- **PROVIDED DATA**
====
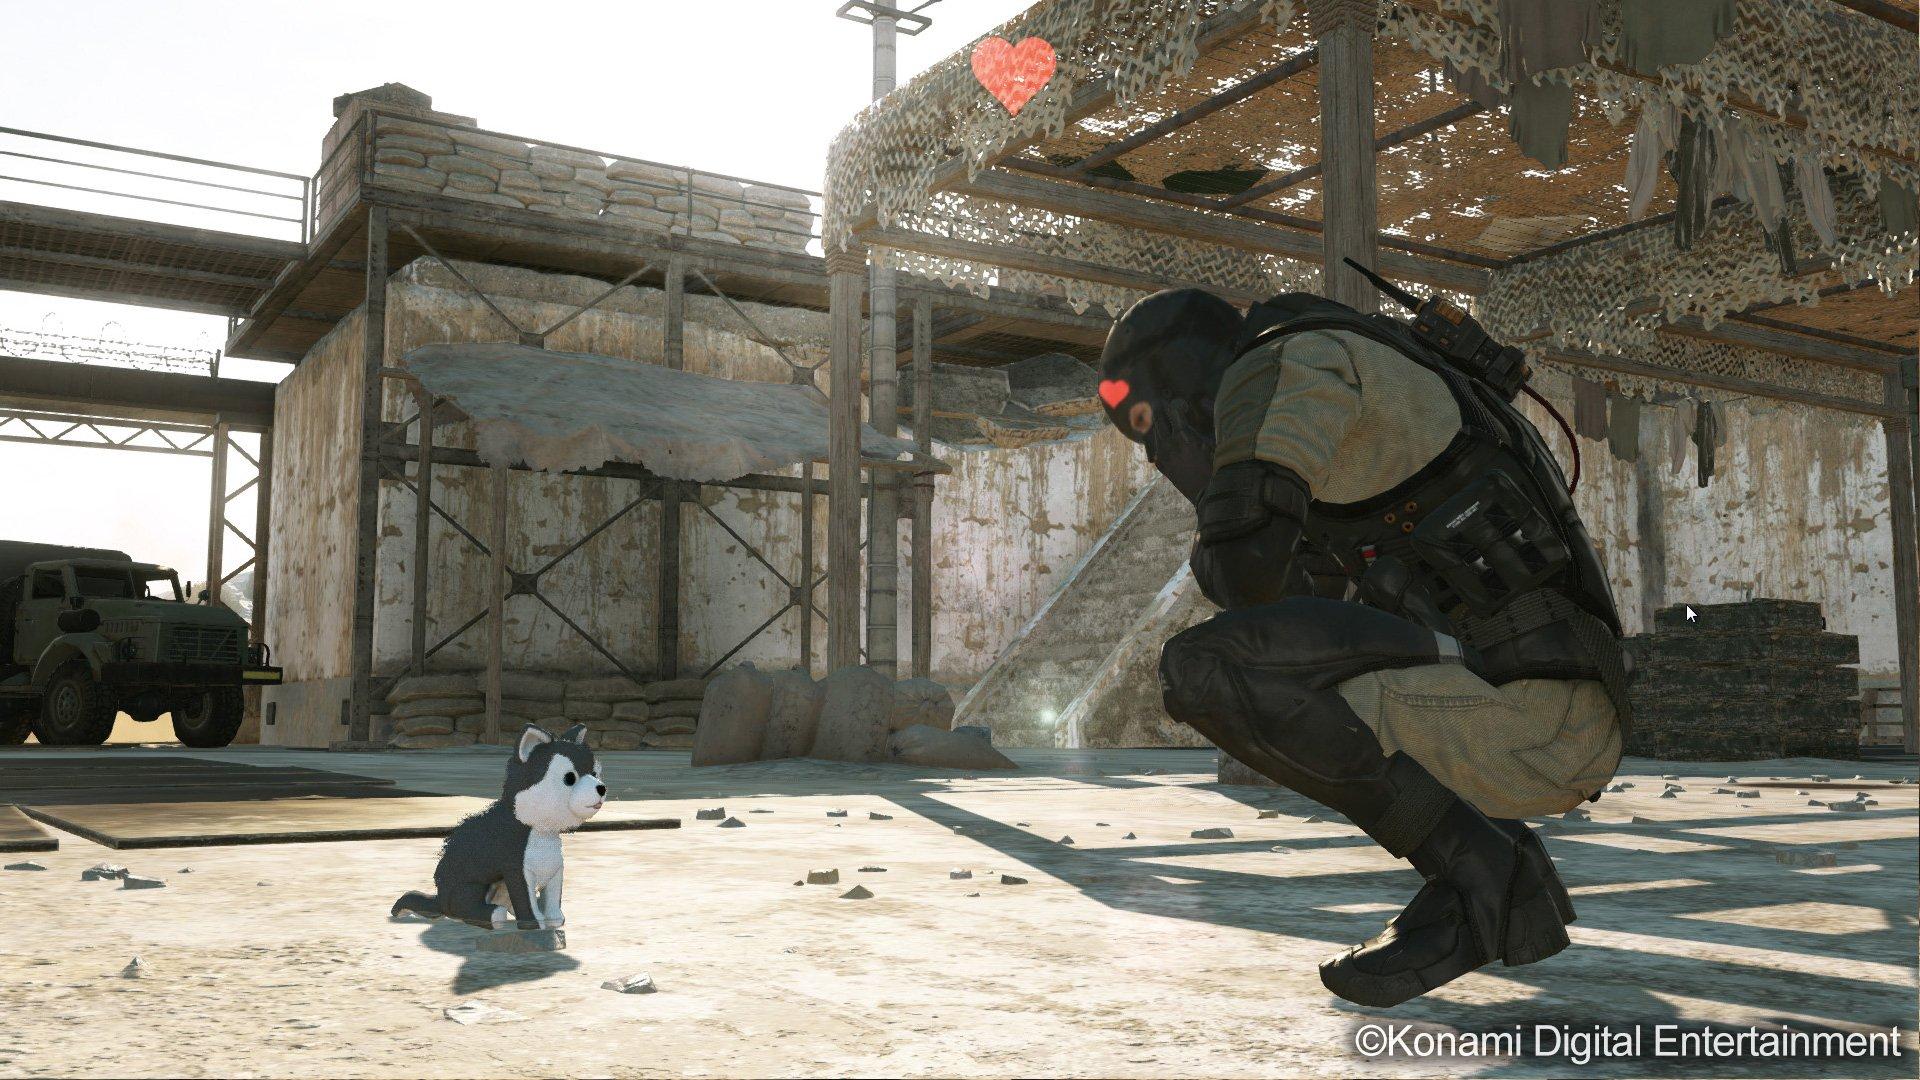 Metal Gear Solid V The Phantom Pain Fondo De Pantalla Hd
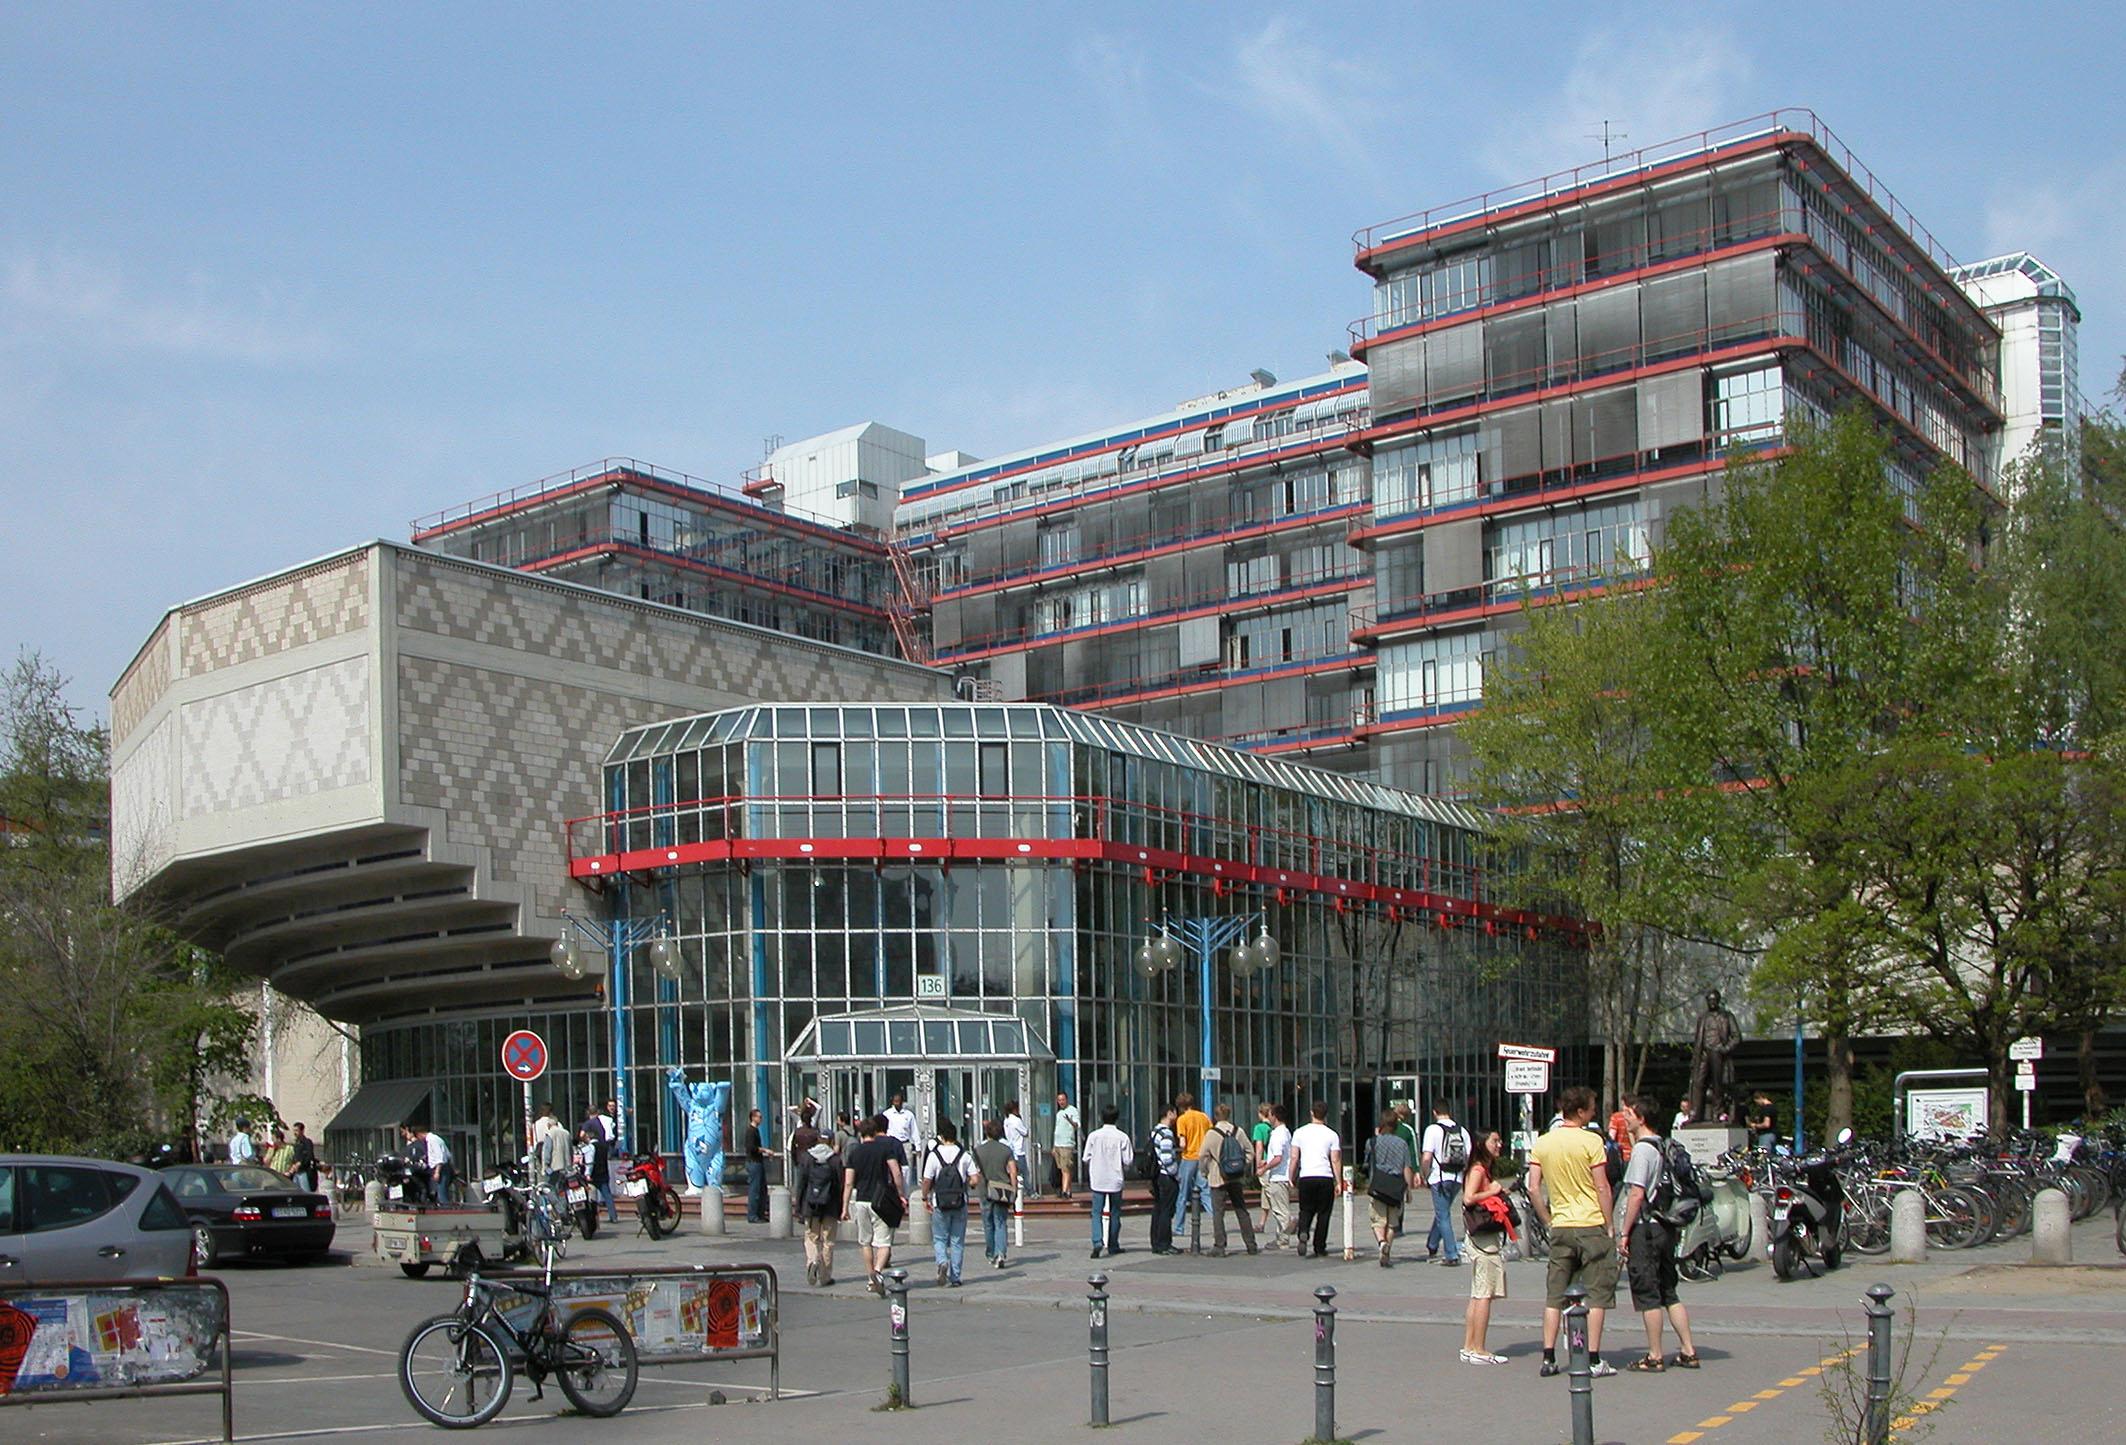 Tub Berlin
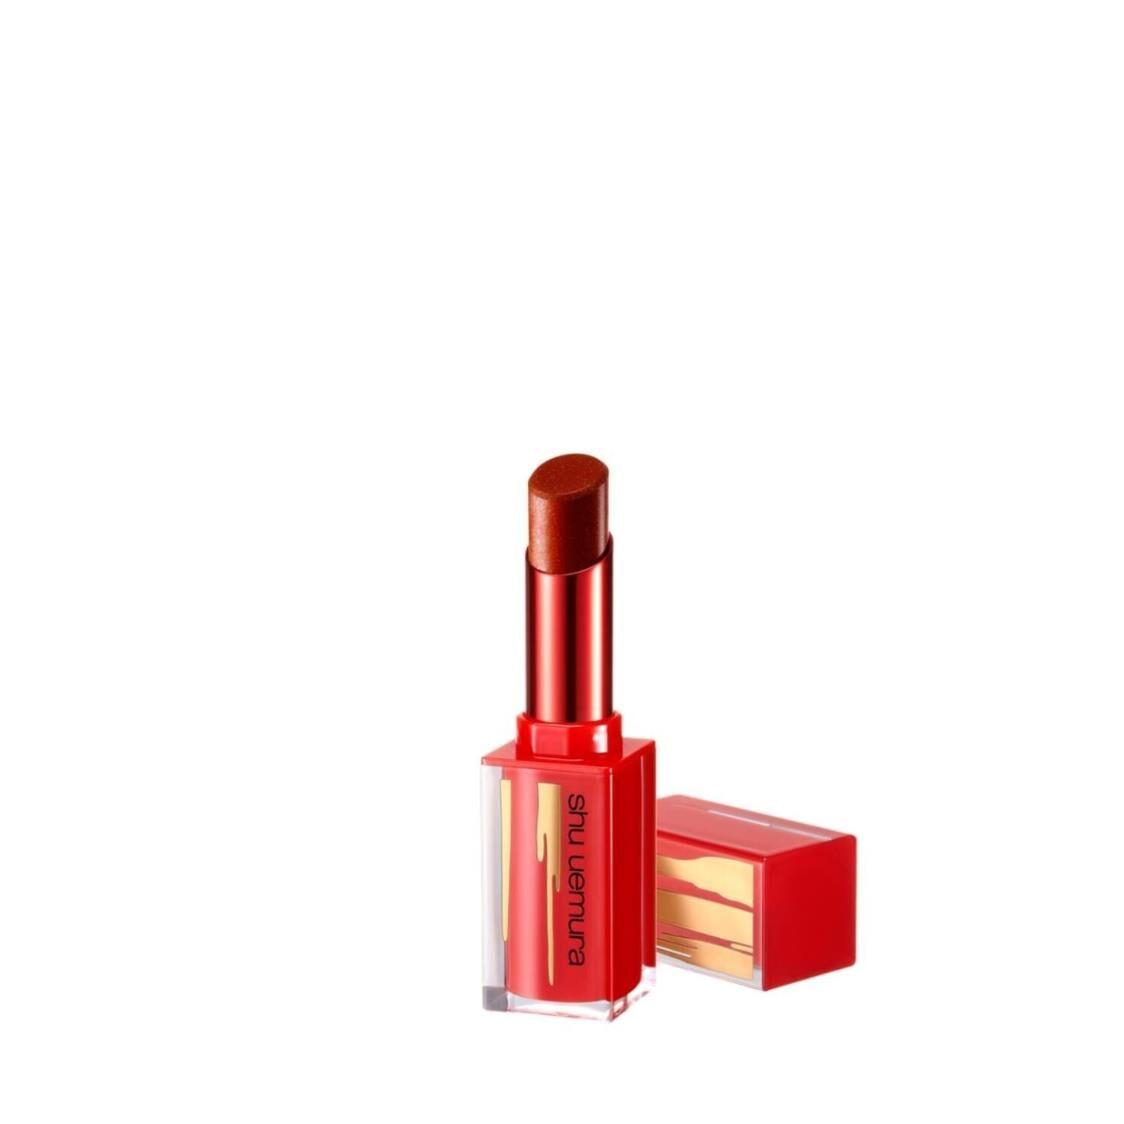 Shu Uemura Iron Reds Rouge Unlimited Matte Metallic
====
- **WHAT YOU ARE ASKED TO DO**
Would you copy out the material above exactly, without the pictures in it?

- **RESULT BELOW**
 Metal Gear Solid V The Phantom Pain Fondo De Pantalla Hd
 Tub Berlin
 Shu Uemura Iron Reds Rouge Unlimited Matte Metallic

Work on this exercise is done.